The first discussion board question: Who is this blog for?

One teacher-participant compared a widely read policy blog to the “cool kids’ table” in the school cafeteria: a place where other students are intentionally left behind, where the conversation often centers around a handful of people, clubs and shifting loyalties--who said what and how should we spin it?

Teachers often come away from their tour of Ed Policy World dismayed by the things policy “experts” are saying. Angry, sometimes. Frustrated at being left out of a dialogue where their hard-won practice expertise is undervalued, even scorned.

Good news. Diane Ravitch has written a book for them. While many of the early reviews of Reign of Error: The Hoax of the Privatization Movement and the Danger to America’s Public Schools came from the “cool kids,” the audience that will find Reign of Error indispensible is teachers, school leaders and parents.

For them, it’s a sourcebook of key issues, solid evidence and confirmation that yes, there’s been a media-fed, policy-driven, politically instigated sea change in public perspectives around education. Plus--there’s a template for the kinds of smart investment that could make our public education system sound and vigorous for decades. A rough guide to getting back on track, preserving America’s best idea: a free, high-quality public education for every child, rich or poor.
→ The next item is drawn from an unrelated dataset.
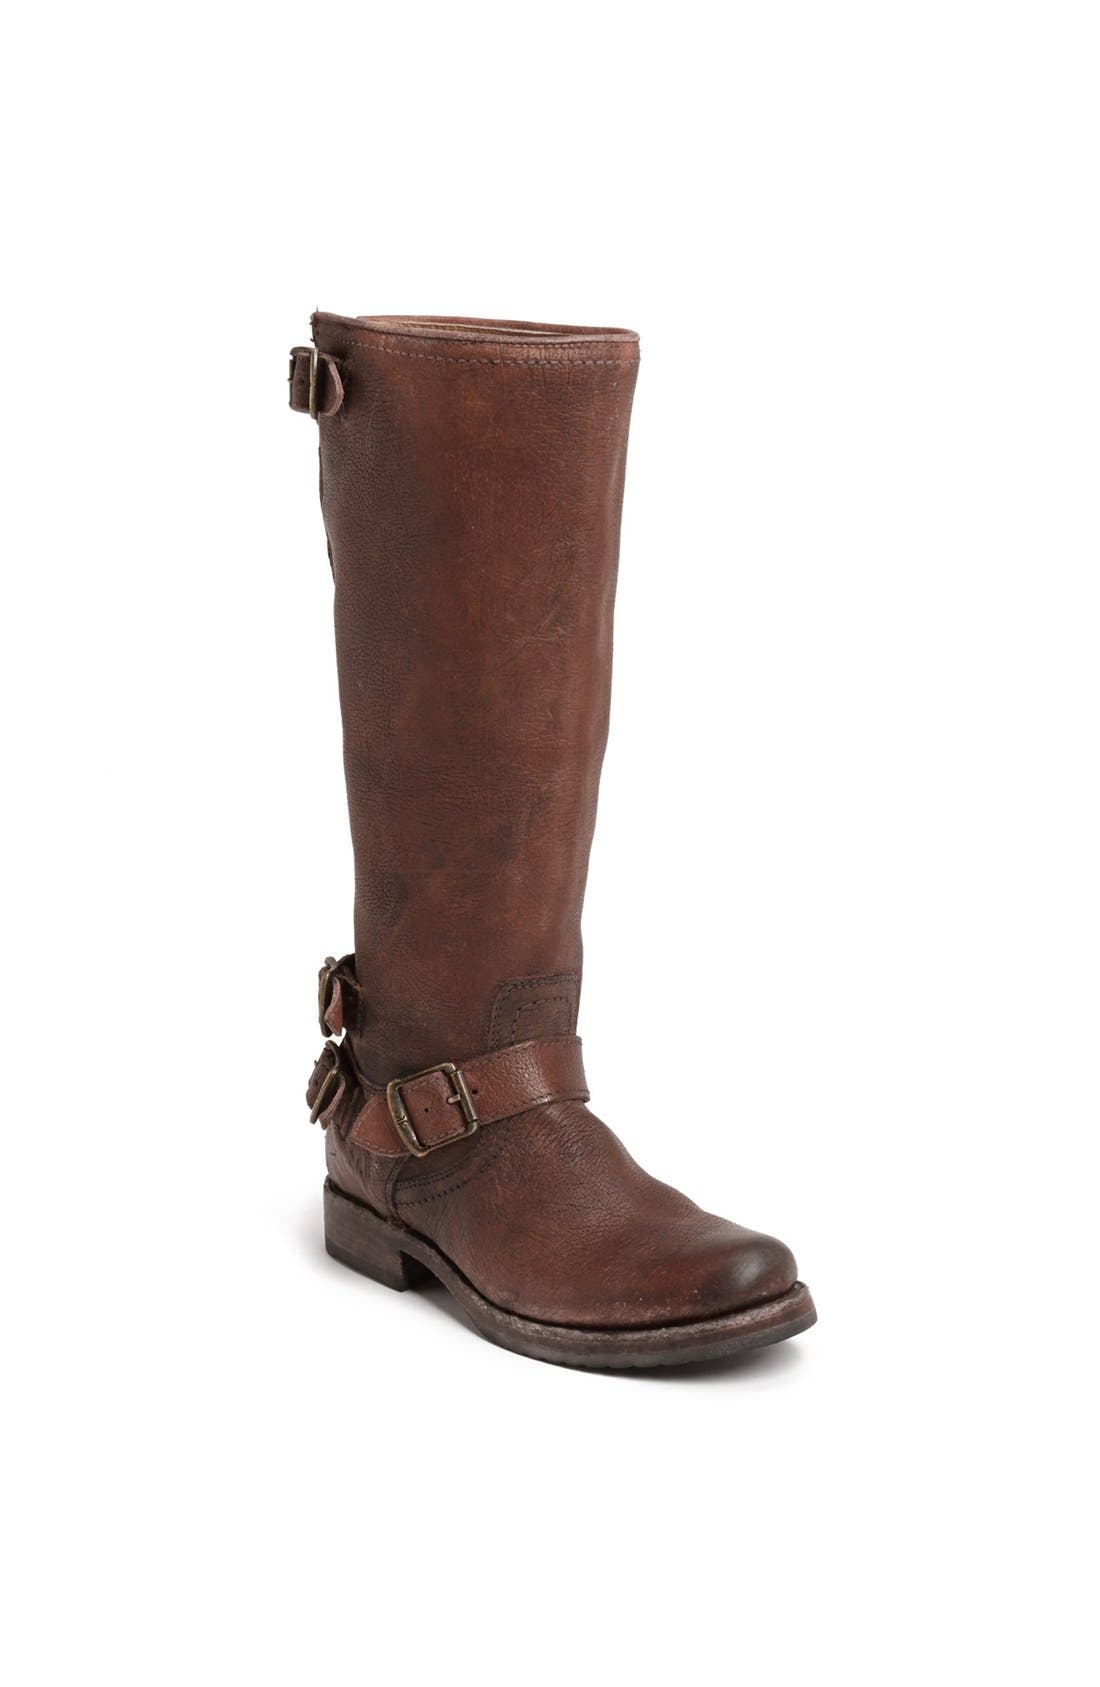 Main Image - Frye 'Veronica Back Zip' Boot

There are a number of well-written reviews of Reign of Error. Peg Robertson calls it her new activist handbook. Jan Resseger says it helped her connect the dots (and Jan has connected a lot of dots for me, so that’s saying something). Peter DeWitt, David Cohen, Anthony Cody and Ken Bernstein all have fine pieces--Ken’s is especially detailed, should you want a comprehensive overview. No need for me to reiterate or quote.

I will mention my favorite chapter-- “The Language of Corporate Reform"--where Ravitch’s roots as historian emerge through her explanation of how modern media and business interests have reframed the story of the “failing” public education, critical to our national security and global economic dominance.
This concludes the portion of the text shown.